The Company plans to continue to pursue funding through public equity financings, licensing arrangements, government grants or other strategic arrangements. However, the Company cannot provide any assurances that such additional funds will be available on reasonable terms, or at all. If the Company raises additional funds by issuing equity securities, dilution to existing stockholders would result.
In December 2019, a novel strain of coronavirus (“COVID-19”) emerged in Wuhan, China. Since then, it has spread to the United States and infections have been reported around the world. On March 11, 2020, the World Health Organization declared the outbreak of COVID-19 as a global pandemic, which continues to spread around the world and throughout the United States and Australia, where the Company has operations and conducts laboratory research and clinical studies. In response to the outbreak, federal and state authorities in the United States have introduced various recommendations and measures to try to limit the pandemic, including travel restrictions, border closures, nonessential business closures, quarantines, self-isolations, shelters-in-place and social distancing. The COVID-19 outbreak and the response of governmental authorities to try to limit it are having a significant impact on the private sector and individuals, including unprecedented business, employment and significant economic disruptions to the global financial markets. These disruptions could impact the Company’s ability to raise additional capital and obtain the necessary funds.

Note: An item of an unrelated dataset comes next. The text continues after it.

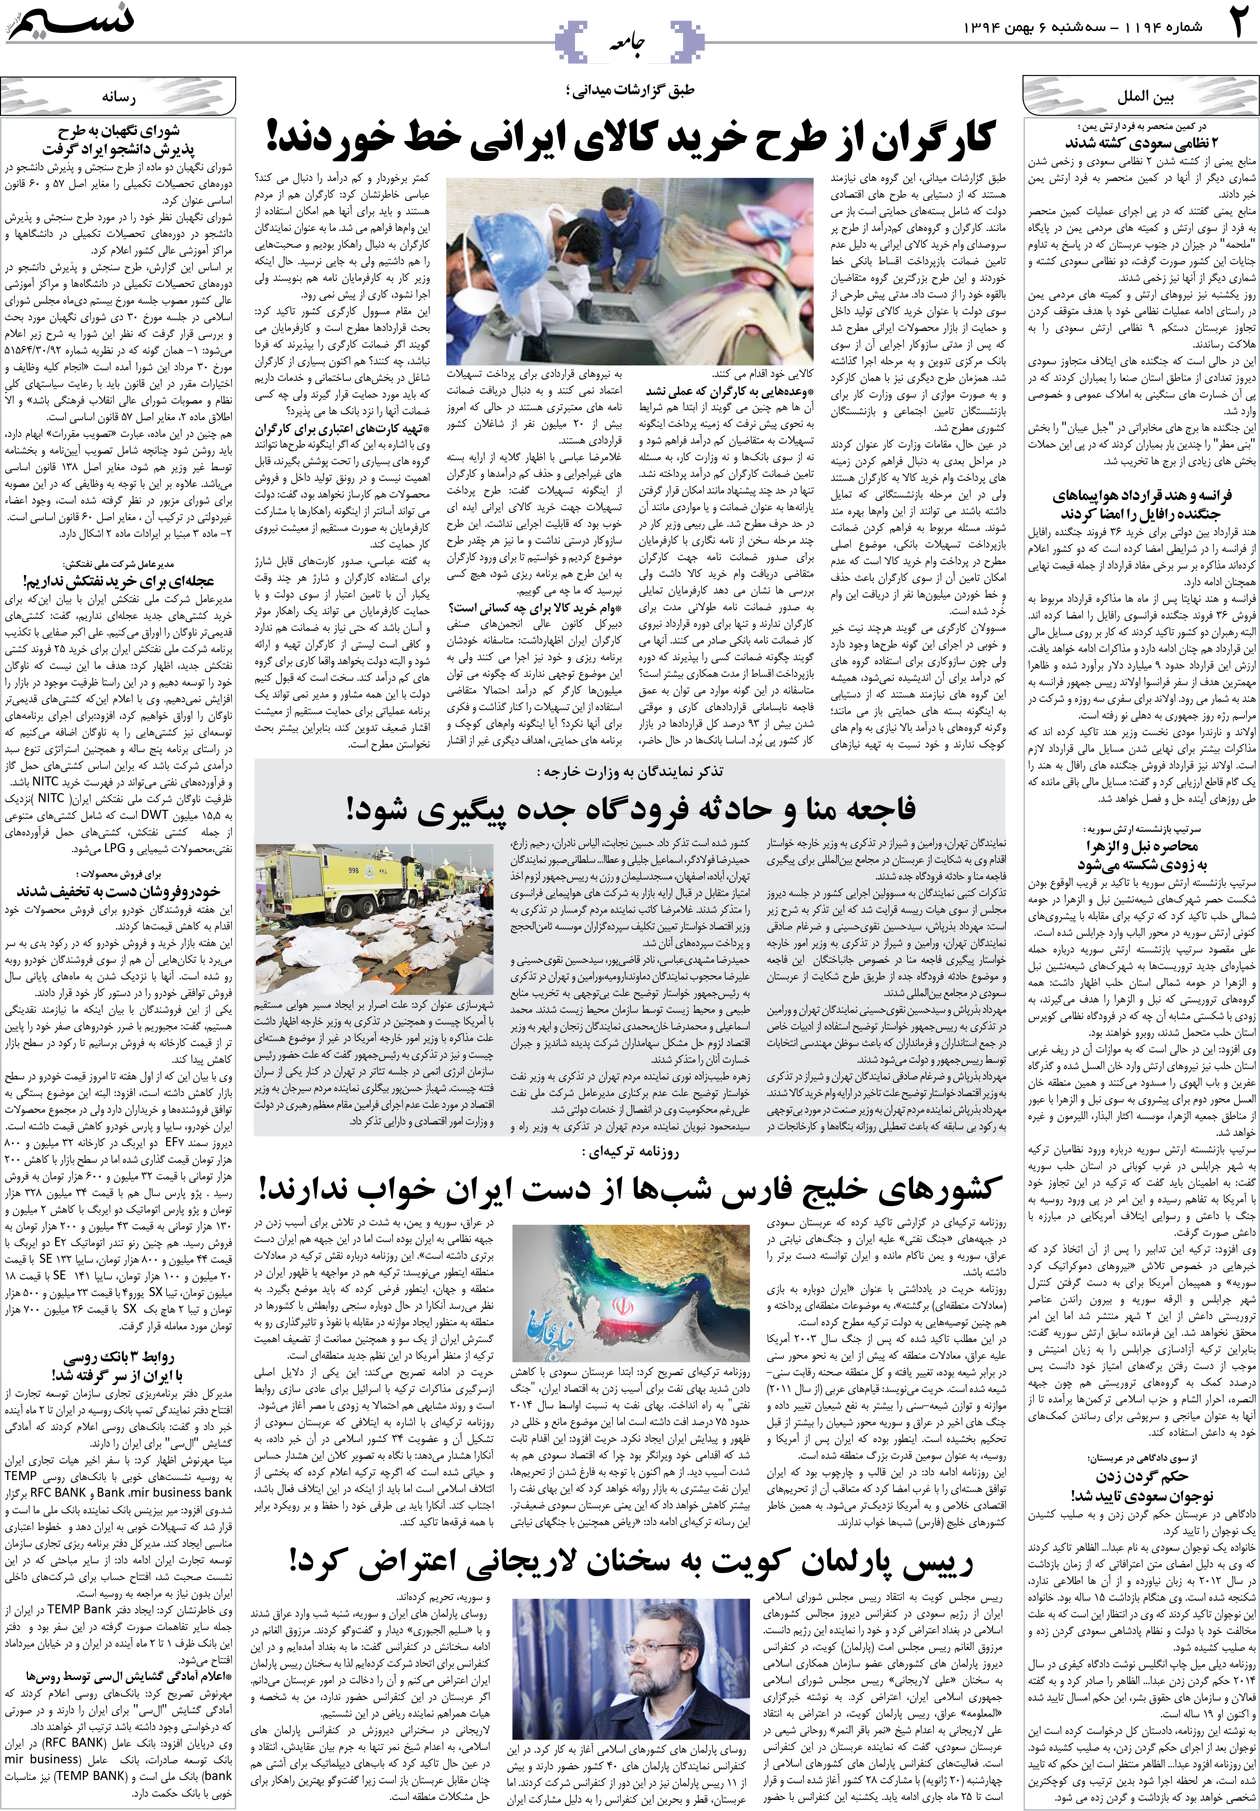 صفحه جامعه روزنامه نسیم شماره 1194

Notably, the Company relies on third party manufacturers to produce its product candidates. The manufacturing of THCVHS is conducted in the United States. Formulation of the eye drop for testing is also performed in the United States but can rely on regulatory-accepted excipients that can be sourced from countries outside the United States. In connection with the COVID-19 pandemic, there could possibly be an impact on sourcing materials that are part of the eye drop formulation, as well as impacting volunteer and/or patient recruitment in Australia for clinical studies. The location of the clinical trial are clinical sites in Australia and since the COVID-19 outbreak in that country, the multiple cities have experienced health emergency lockdowns which have had a negative impact on the conduct and timelines of clinical studies. Therefore, the Company has shifted its first-in-human studies of THCVHS to the second quarter of 2022.
After considering the plans to alleviate substantial doubt, management has concluded that there is substantial doubt about the Company’s ability to continue as a going concern within one year after the date that the financial statements are issued. The accompanying Condensed Consolidated Financial Statements do not include any adjustments that might result from the outcome of this uncertainty.